§ **Input data**:
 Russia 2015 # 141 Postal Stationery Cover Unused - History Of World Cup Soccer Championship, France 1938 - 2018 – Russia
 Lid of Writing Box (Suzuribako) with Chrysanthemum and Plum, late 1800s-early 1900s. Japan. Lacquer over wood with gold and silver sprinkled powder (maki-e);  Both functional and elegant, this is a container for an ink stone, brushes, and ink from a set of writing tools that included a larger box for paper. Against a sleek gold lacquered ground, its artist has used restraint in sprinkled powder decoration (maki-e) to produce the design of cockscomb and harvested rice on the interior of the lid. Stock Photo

---

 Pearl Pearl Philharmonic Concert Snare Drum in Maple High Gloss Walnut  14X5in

§ **Work order**: Everything from the line with "Russia 2015 #" through the line with "Lid of Writing" should be written out exactly as it appears above, end lines included, and nothing outside that range.

§ **Result**:
 Russia 2015 # 141 Postal Stationery Cover Unused - History Of World Cup Soccer Championship, France 1938 - 2018 – Russia
 Lid of Writing Box (Suzuribako) with Chrysanthemum and Plum, late 1800s-early 1900s. Japan. Lacquer over wood with gold and silver sprinkled powder (maki-e);  Both functional and elegant, this is a container for an ink stone, brushes, and ink from a set of writing tools that included a larger box for paper. Against a sleek gold lacquered ground, its artist has used restraint in sprinkled powder decoration (maki-e) to produce the design of cockscomb and harvested rice on the interior of the lid. Stock Photo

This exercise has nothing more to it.